The Threepenny Opera
The Threepenny Opera is itself an adaptation of John Gay’s The Beggars Opera and Rufus Norris, director of this and the National Theatre has again adapted this to the modern world, less by locale as it’s still in the East End, more by values as the cast has many black actors and a disabled one. The star playing Captain Macheath is Rory Kinnear. I very much doubt this will be the success of the year to show that the National can still produce the likes of Warhorse, The History Boys, Master of Two Servants and Curious Incident of the Dog in the Night.
It’s a daring edgy production with plentiful use of the f and c word. Indeed the only word that disabled actor enunciates clearly is “c-nt”. My use of a dash indicates I come from a different generation not used to foul language from the stage. The set consists of paper scaffolds and stairs and sometimes a elevated ring to show the moon.
I am no Brechtian scholar but I do know he despised the values of the bourgeoisie. For him to rob a bank was a social act as the bank was a villain. However a rather different picture of the poor emerged here. Peachum the King of the Beggars was played camply in high heels with a ladies wig by Nick Holder; Macheath’s relationship with the police chief Tiger Brown was homo-erotic. Macheath himself was undone by his philandering after women and the vengeance mother and father Peachum sought after he married their daughter. Nor did the music come anywhere near Kurt Weill’s score for Brecht. This was all the more glaring as the Weill masterpiece Mac the Knife was the first song.

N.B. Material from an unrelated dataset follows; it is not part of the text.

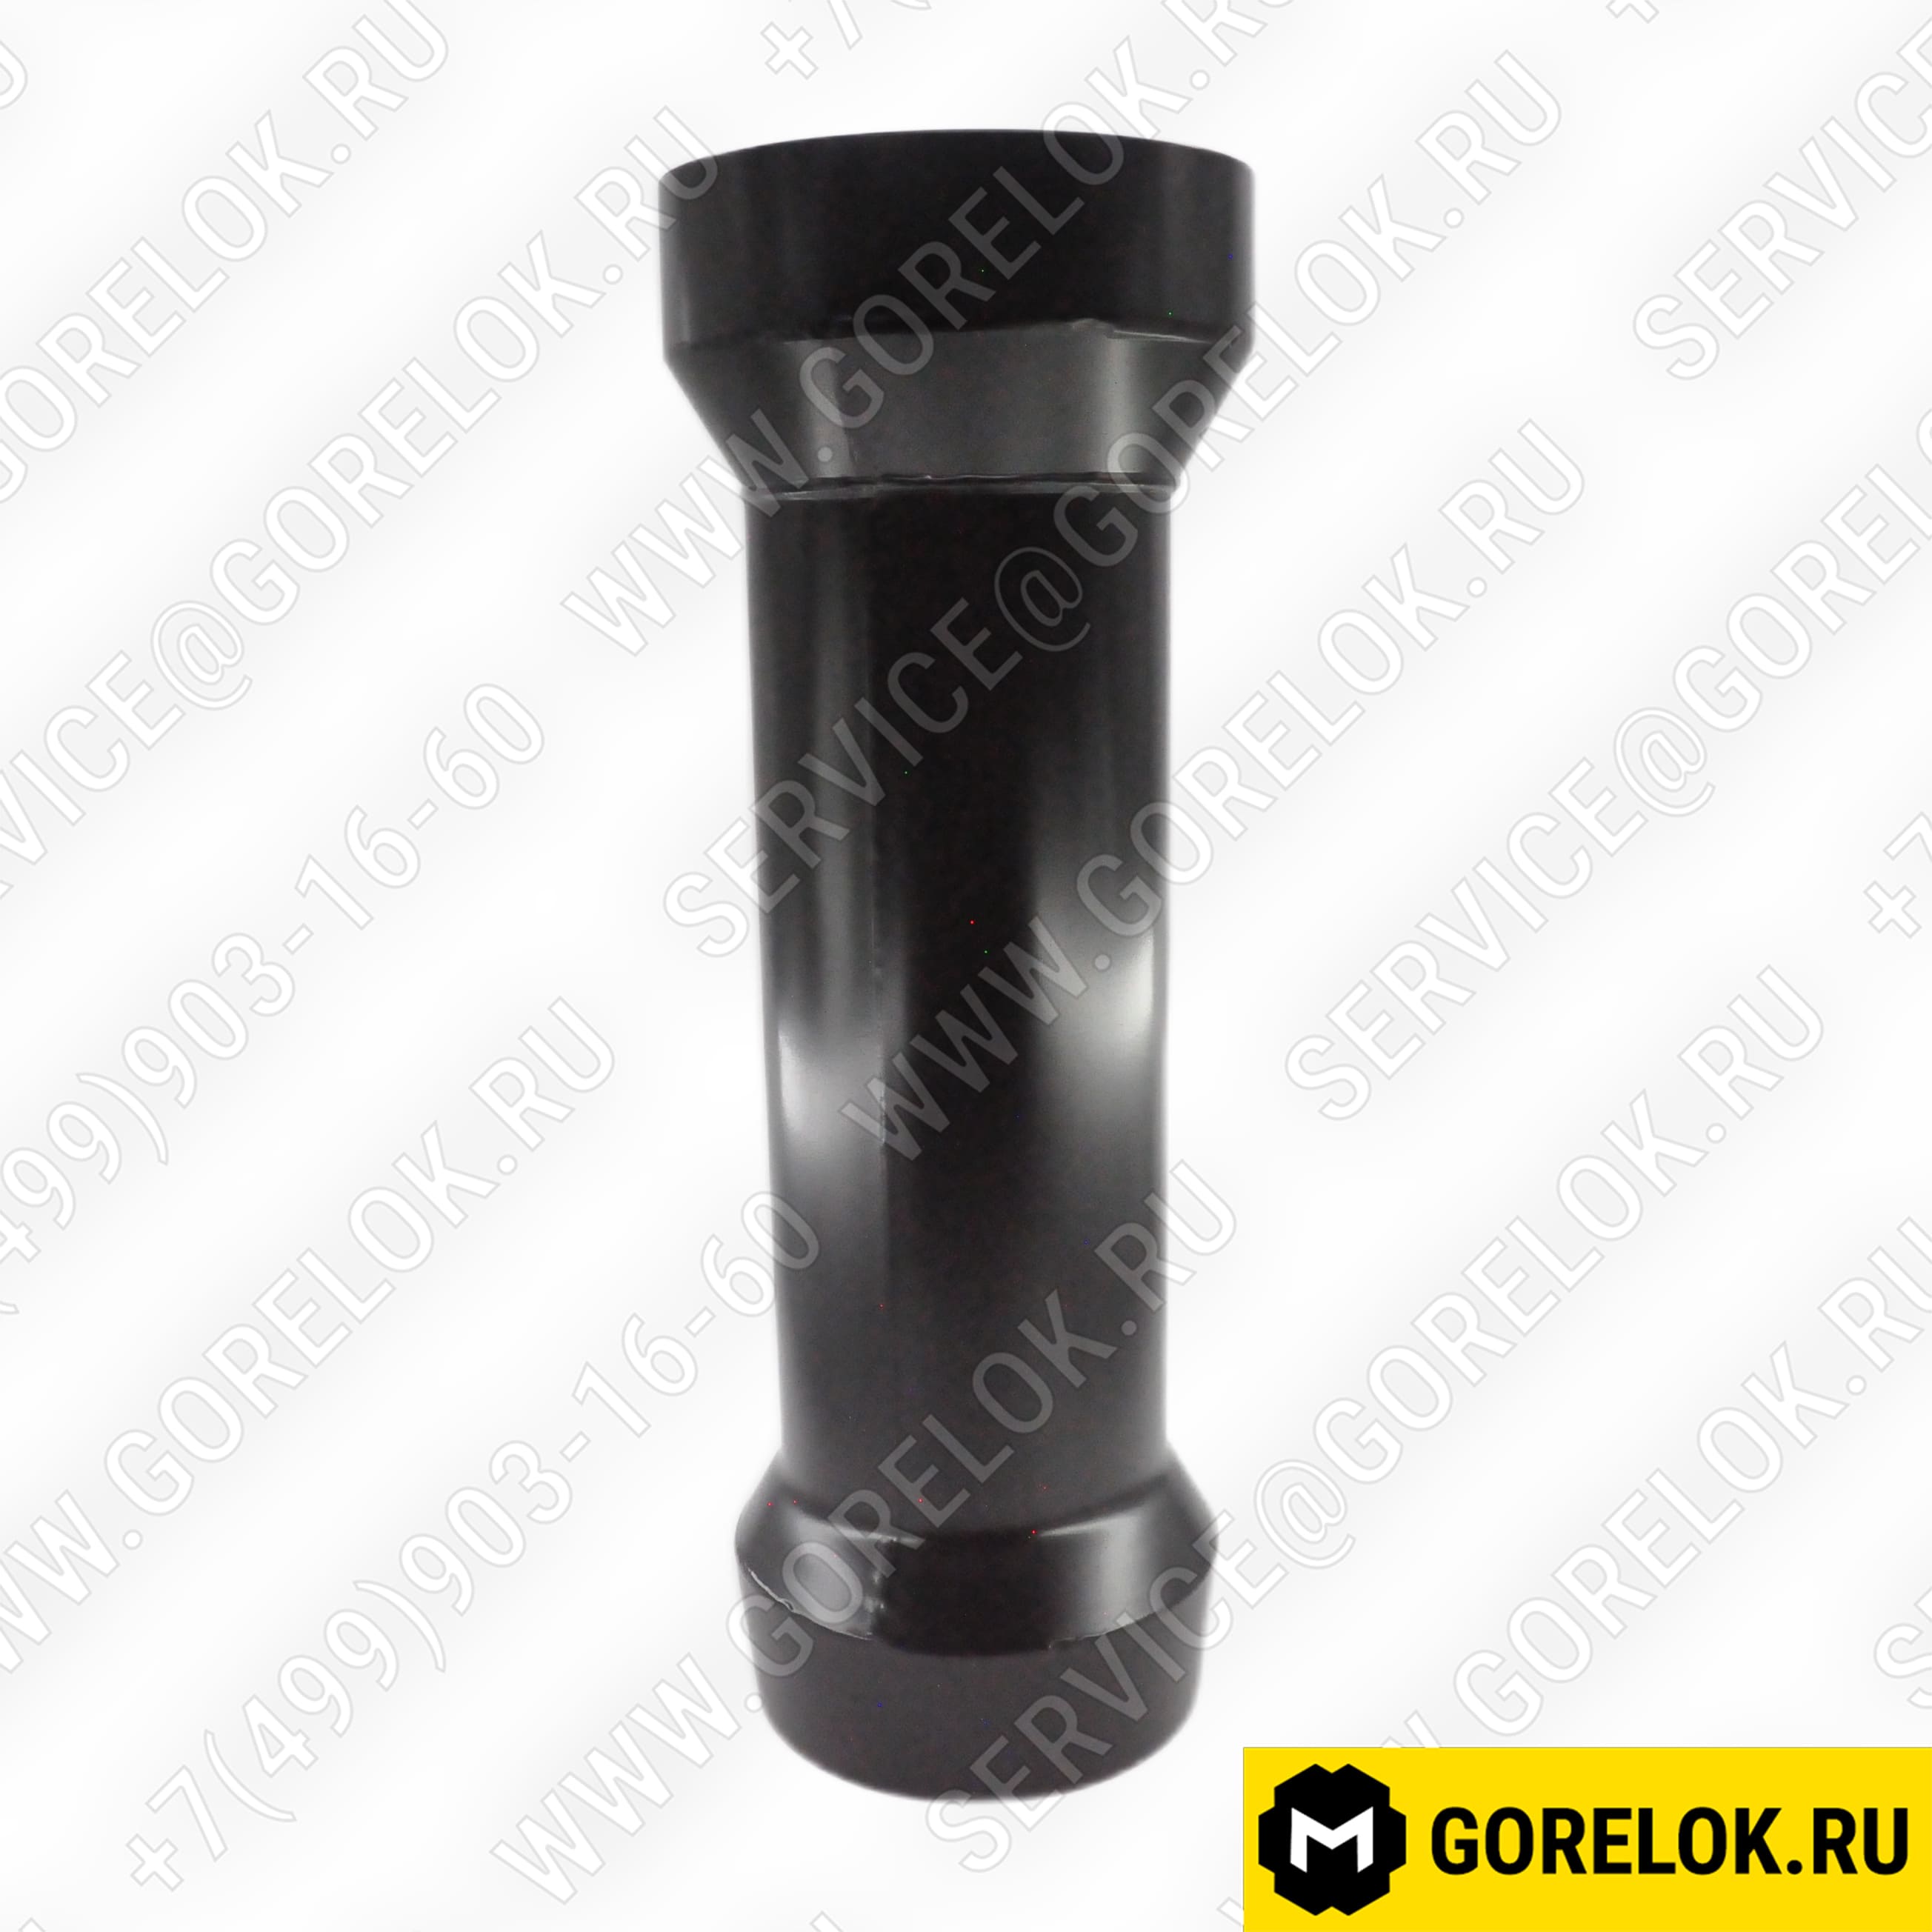 Жаровая труба для газовых горелок Ø160 X 600 мм : 65324609, BFB07055/017
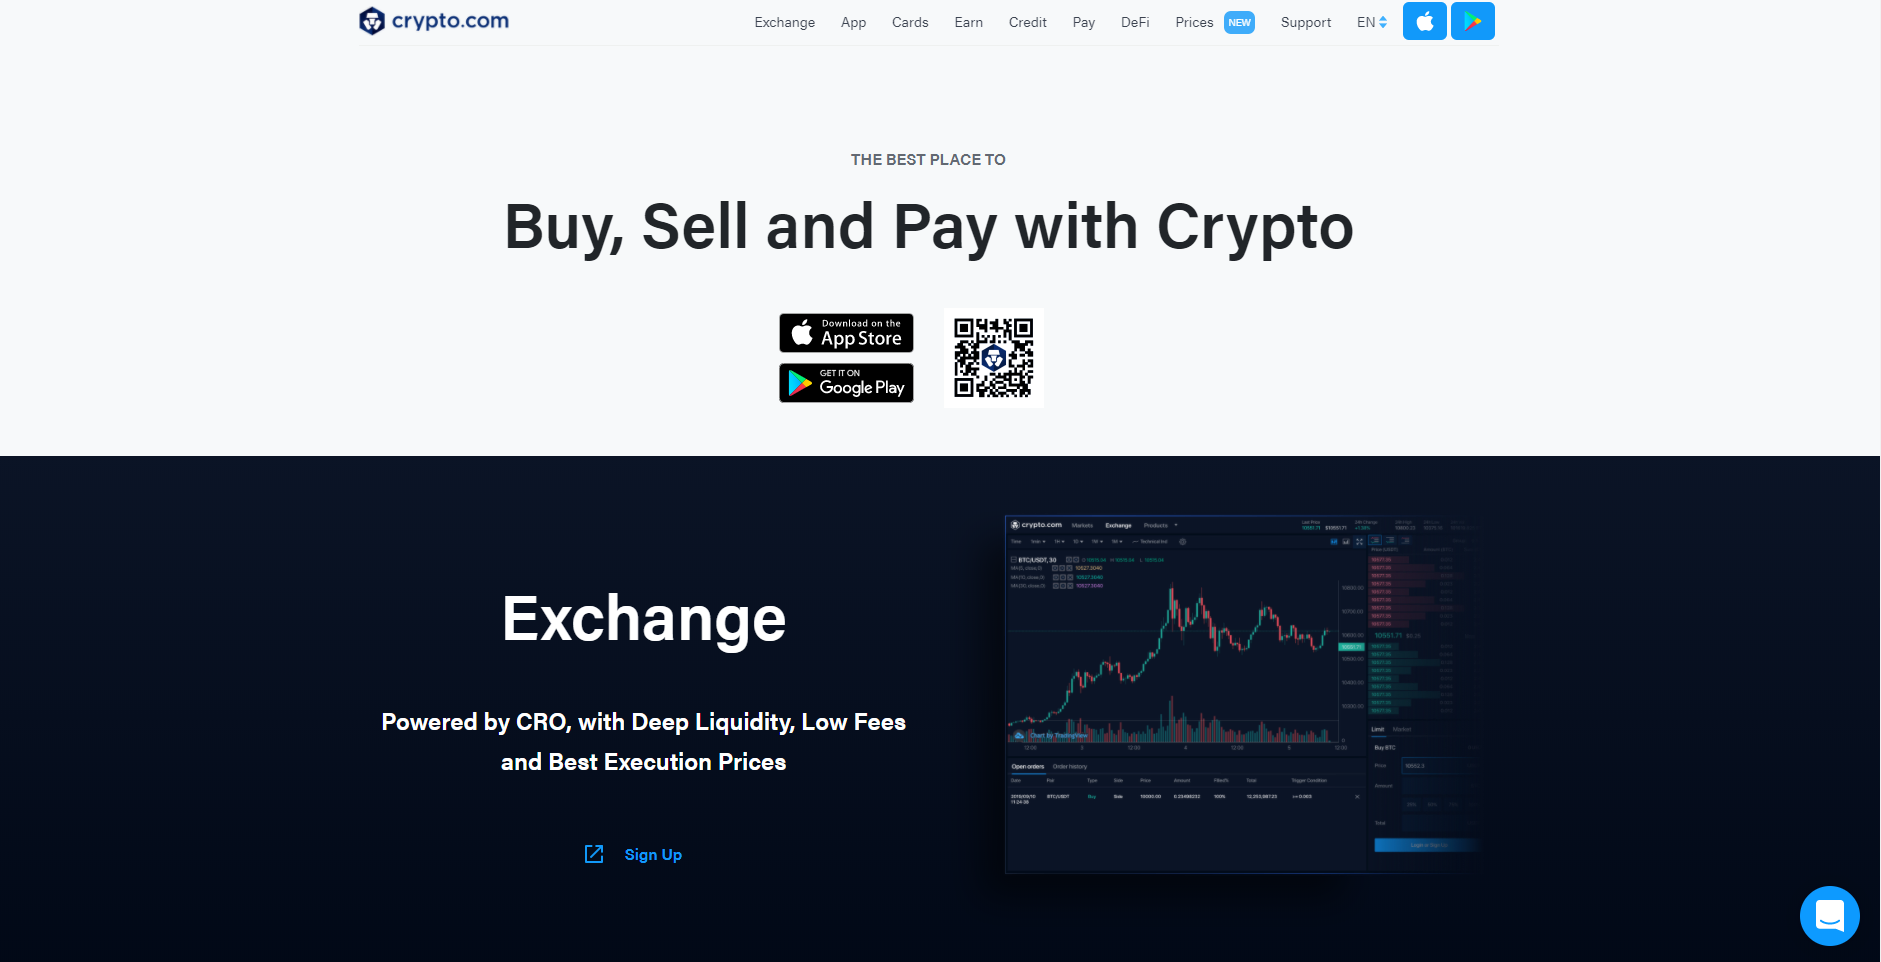 Crypto.com cryptocurrency exchange

In short the musical told us more about current production values at the Natonal. Rufus Norris has already been criticised for a play with torture scenes so searing 2 members of the audience fainted. Here we had to endure a scene where a strung up prostitute has her finger broken by Peachum in one of those sadistic scenes normally reserved for Gestapo interrogation in a war film.
As a regular to Chichester which rolls out very season an engaging programme of old and new I sometimes wish our National Theatre would bang a few less diversity drums and be more sensitive to audience appeal.